* EXERCISE OBJECTIVE: Please copy the data below exactly; none of the pictures in it belong in the copy.

* INFORMATION SHOWN:
┄┄┄┄┄┄┄┄┄┄
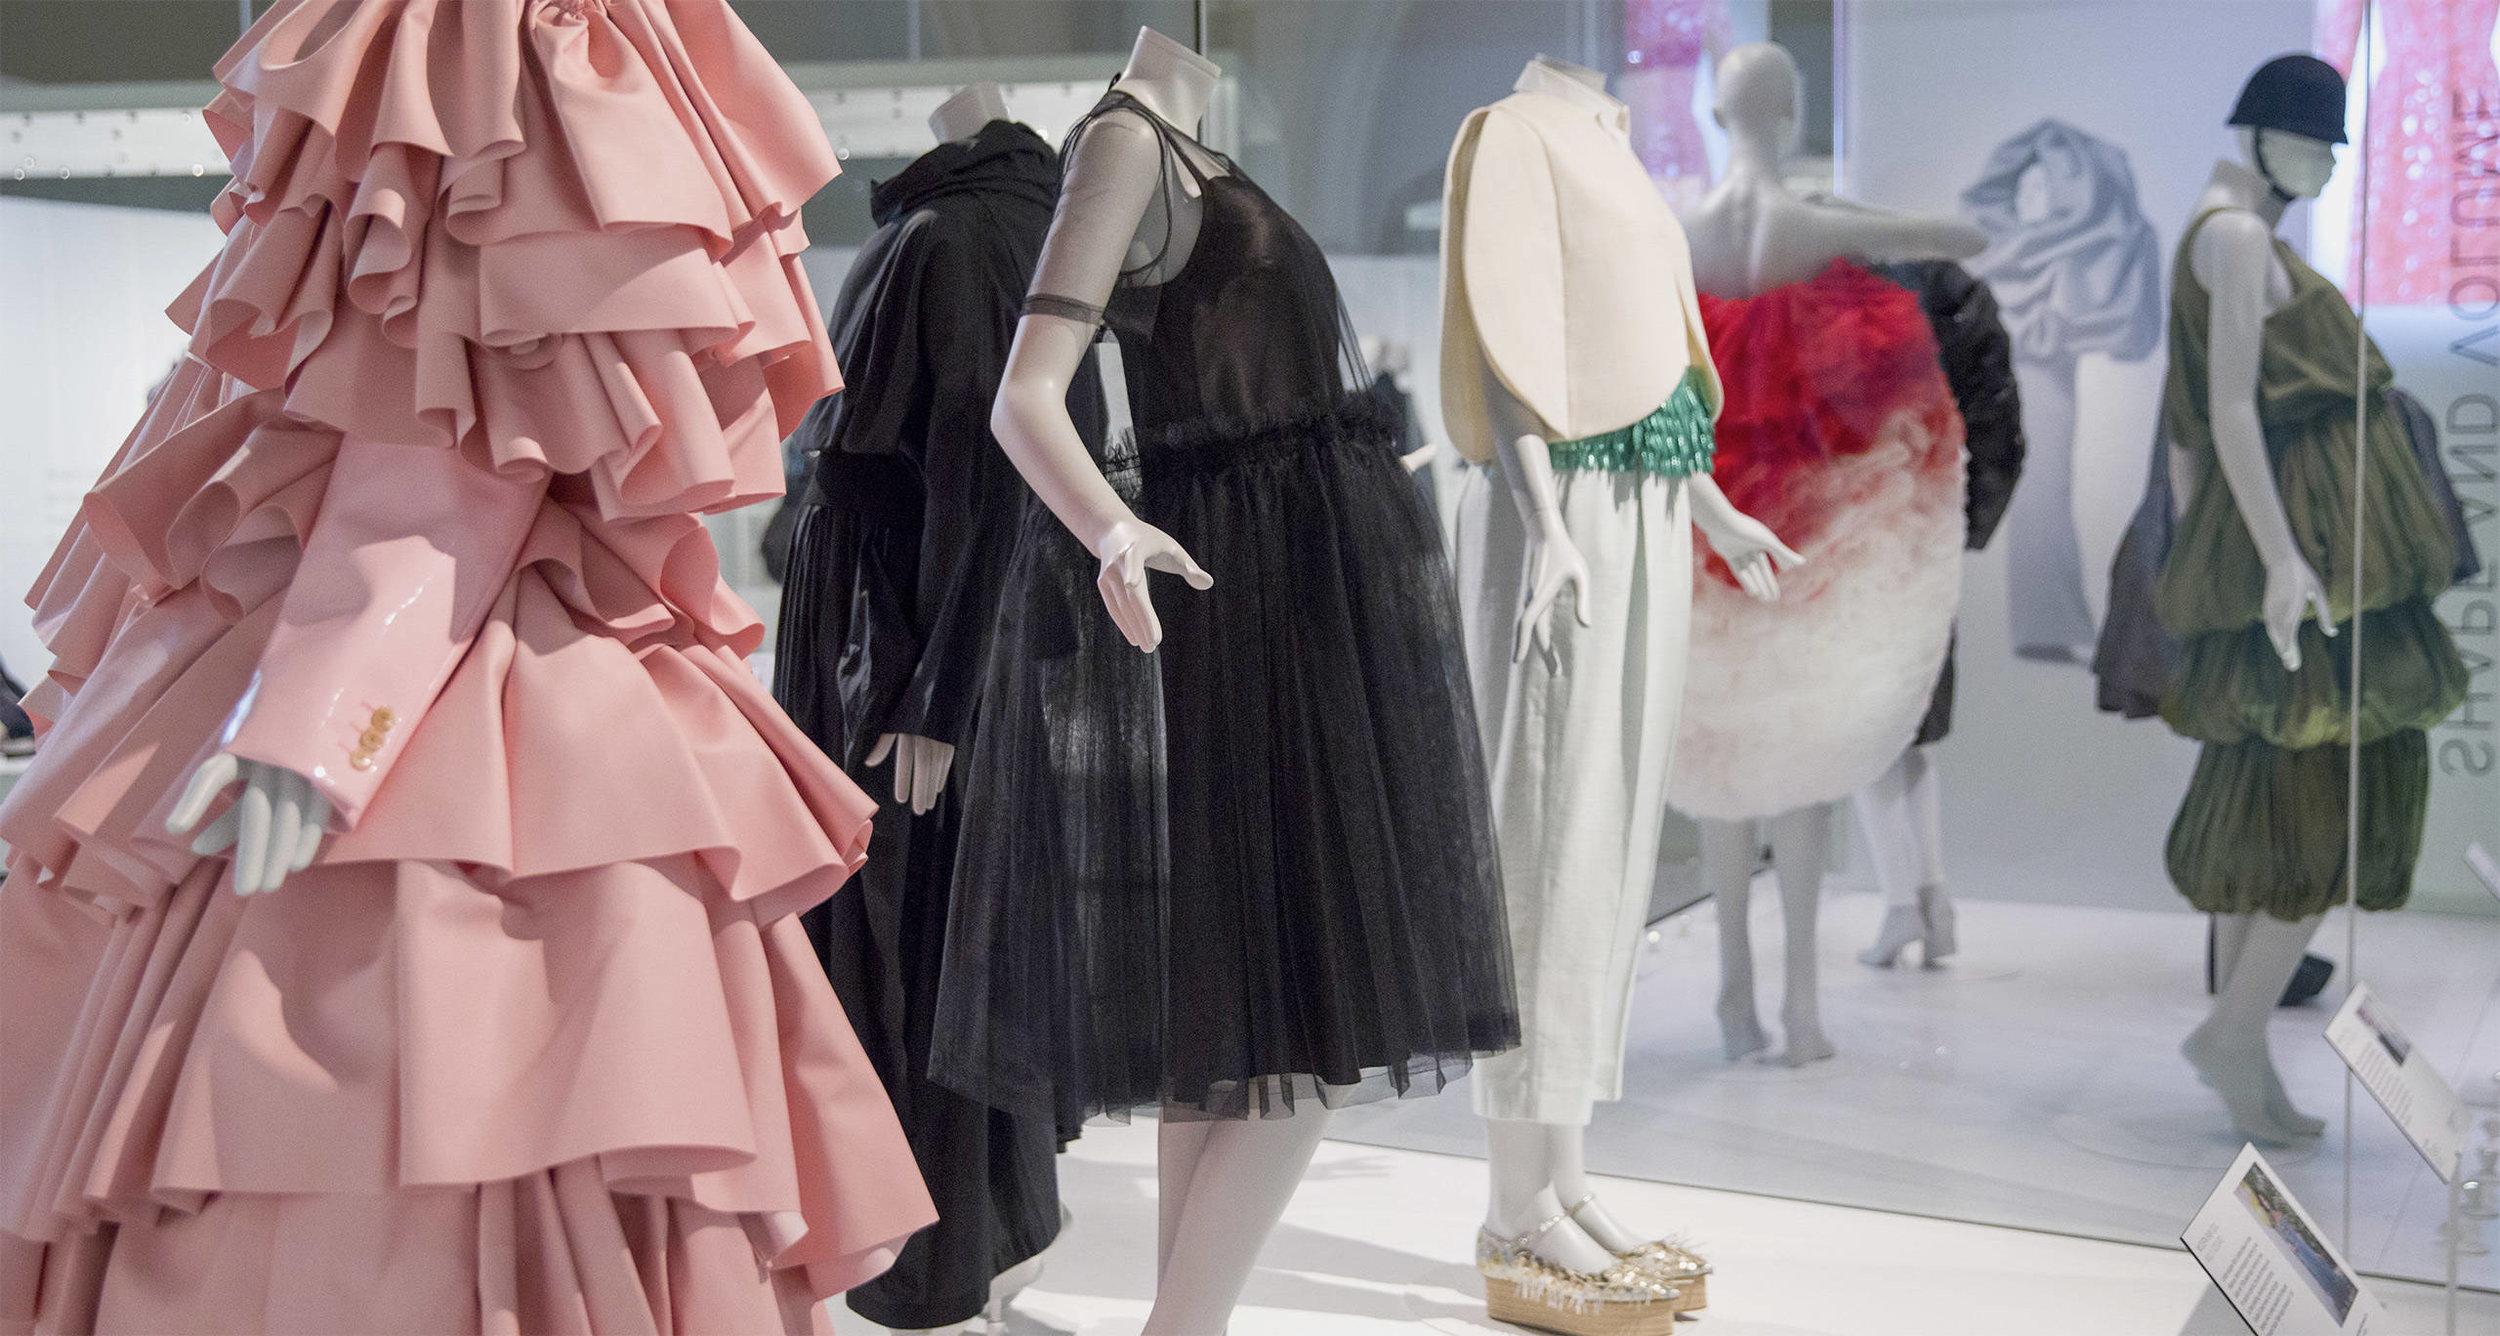 Balenciaga_Shaping_Fashion_9.jpeg
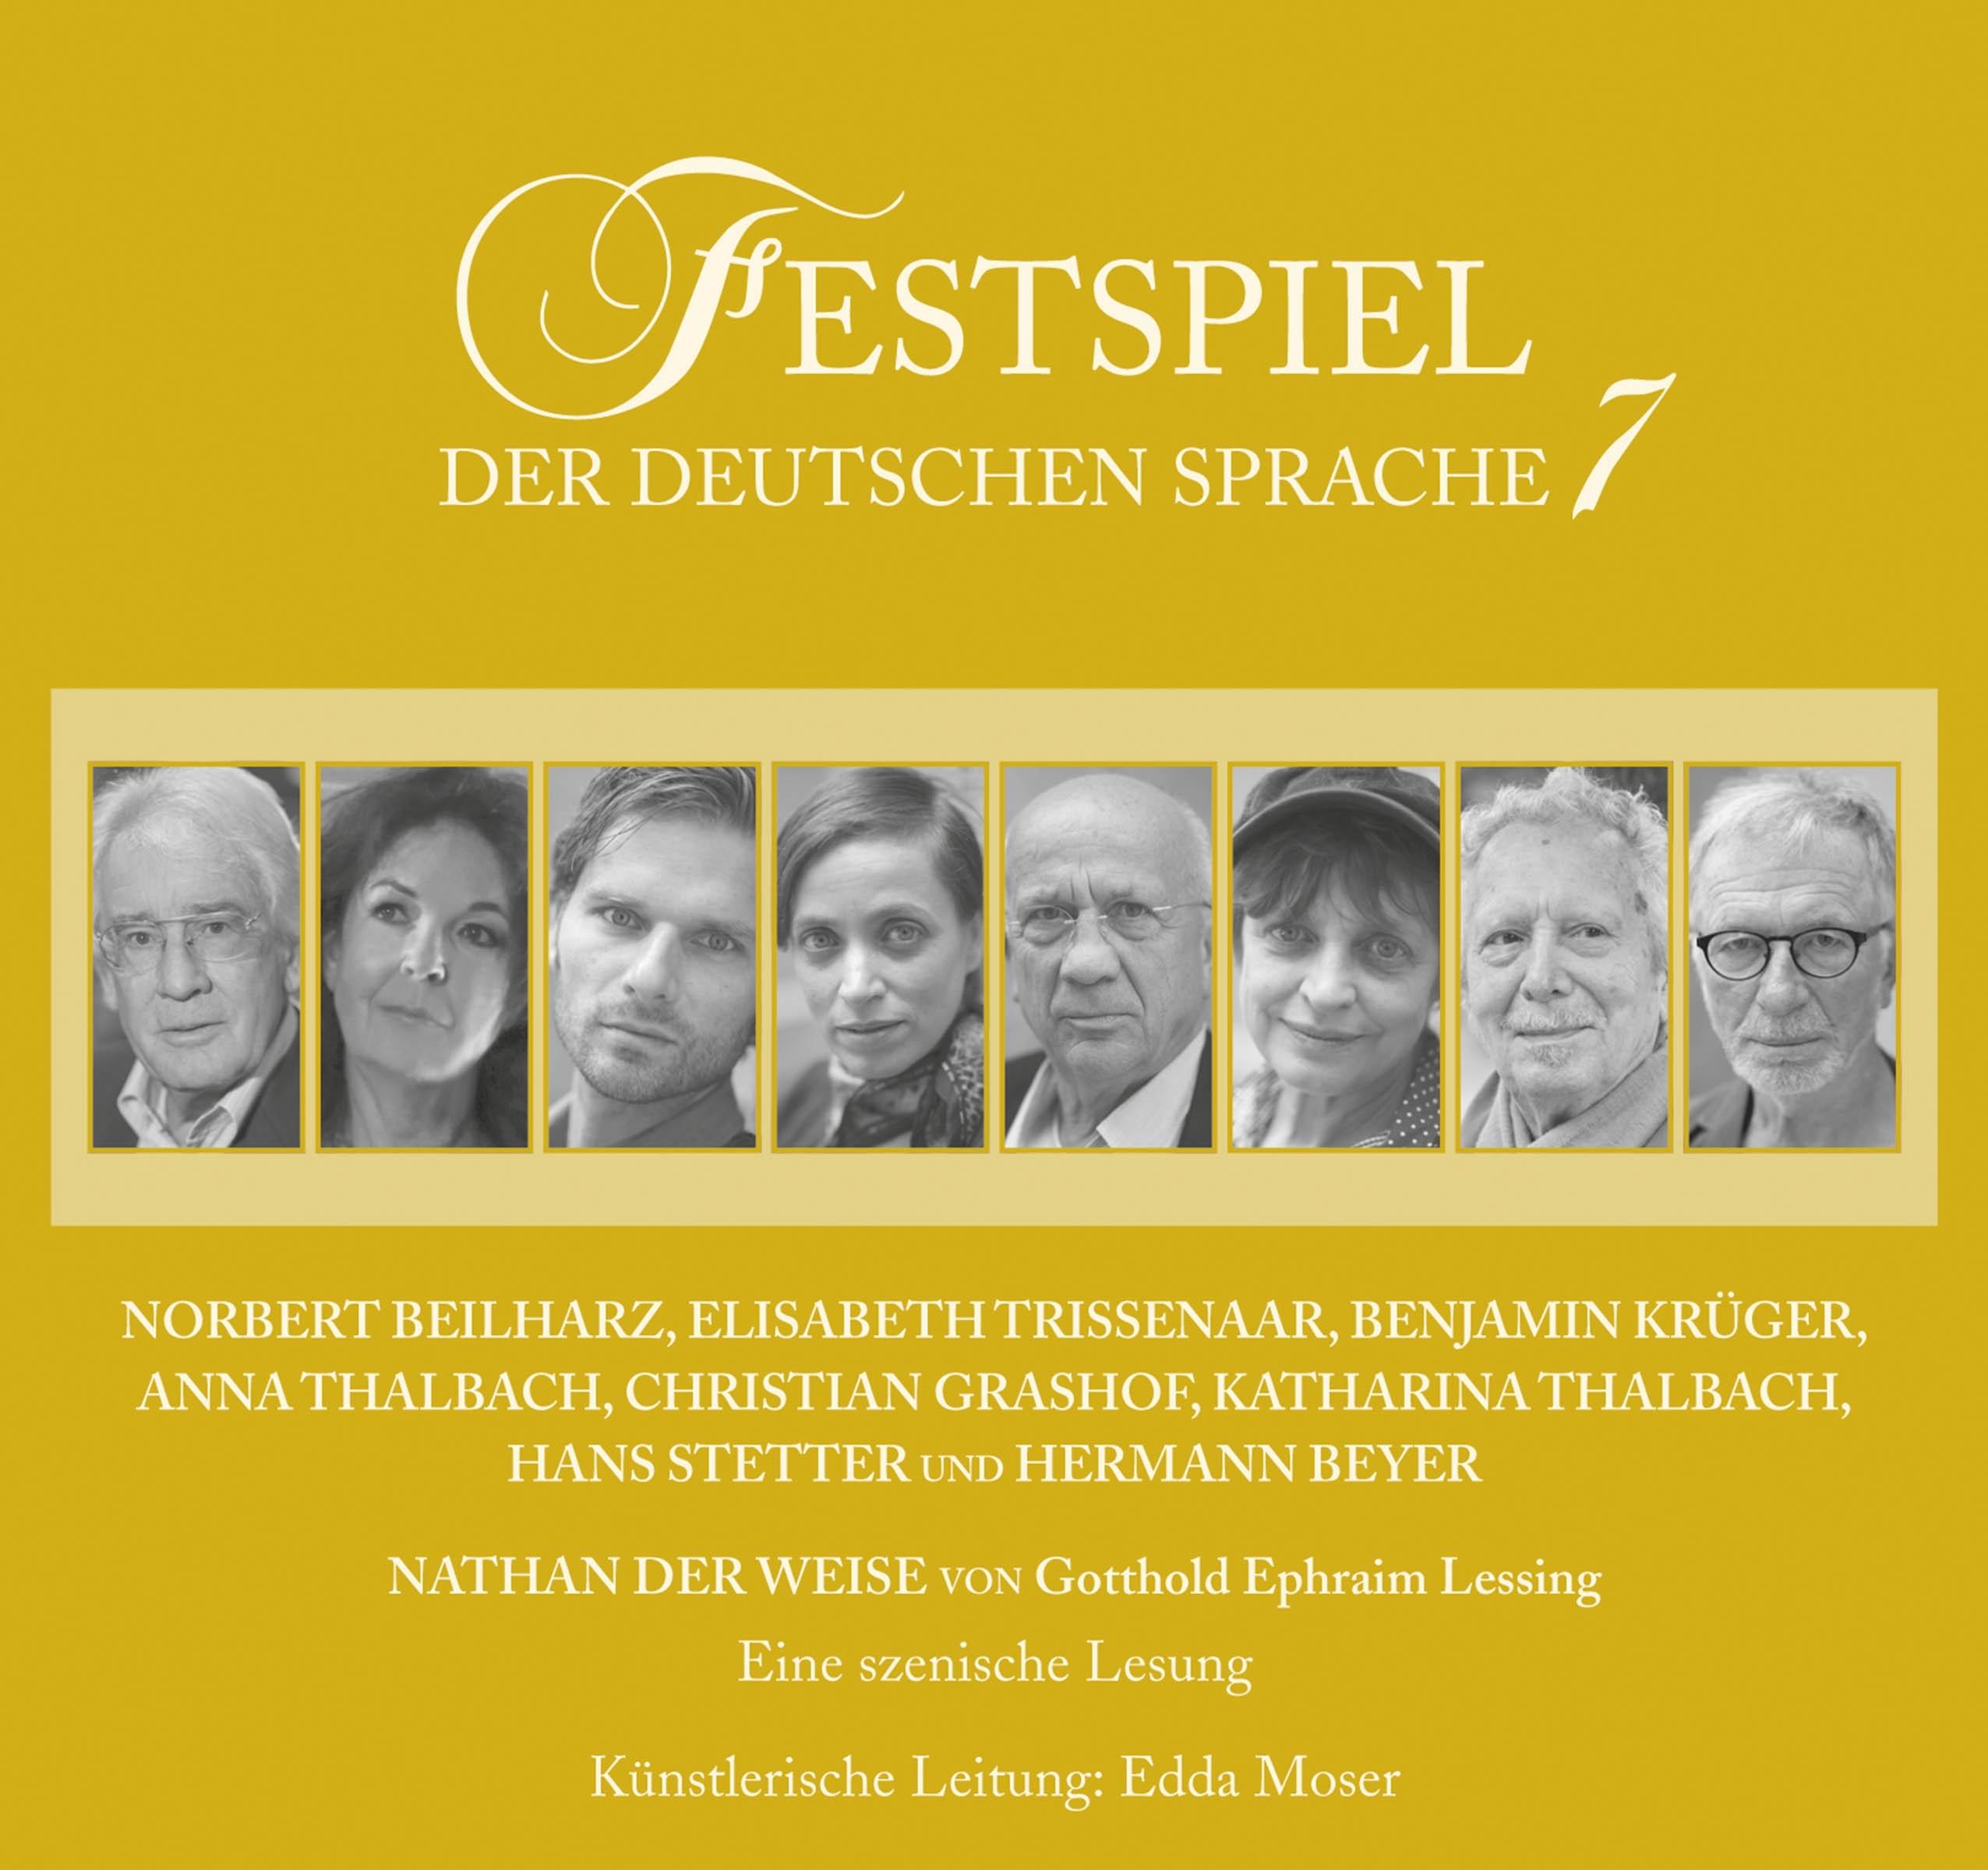 Festspiel der deutschen Sprache - 7 - Nathan der Weise
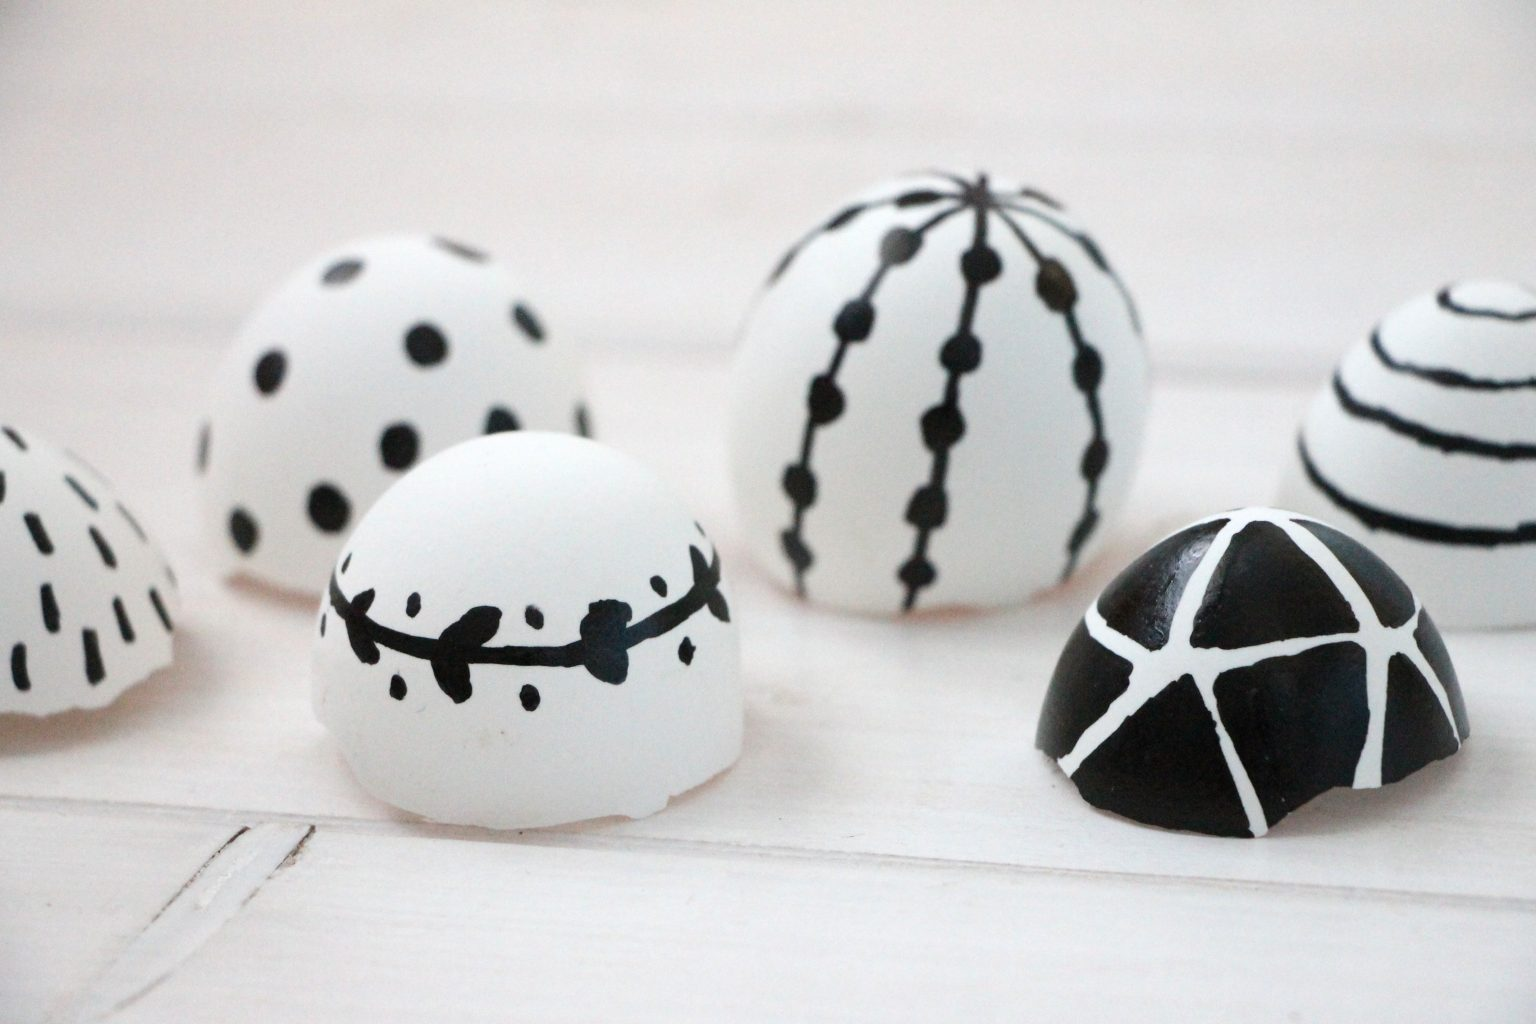 Eier schwarz-weiß bemalen Ideen
┄┄┄┄┄┄┄┄┄┄
* EXPECTED ANSWER:
 Balenciaga_Shaping_Fashion_9.jpeg
 Festspiel der deutschen Sprache - 7 - Nathan der Weise
 Eier schwarz-weiß bemalen Ideen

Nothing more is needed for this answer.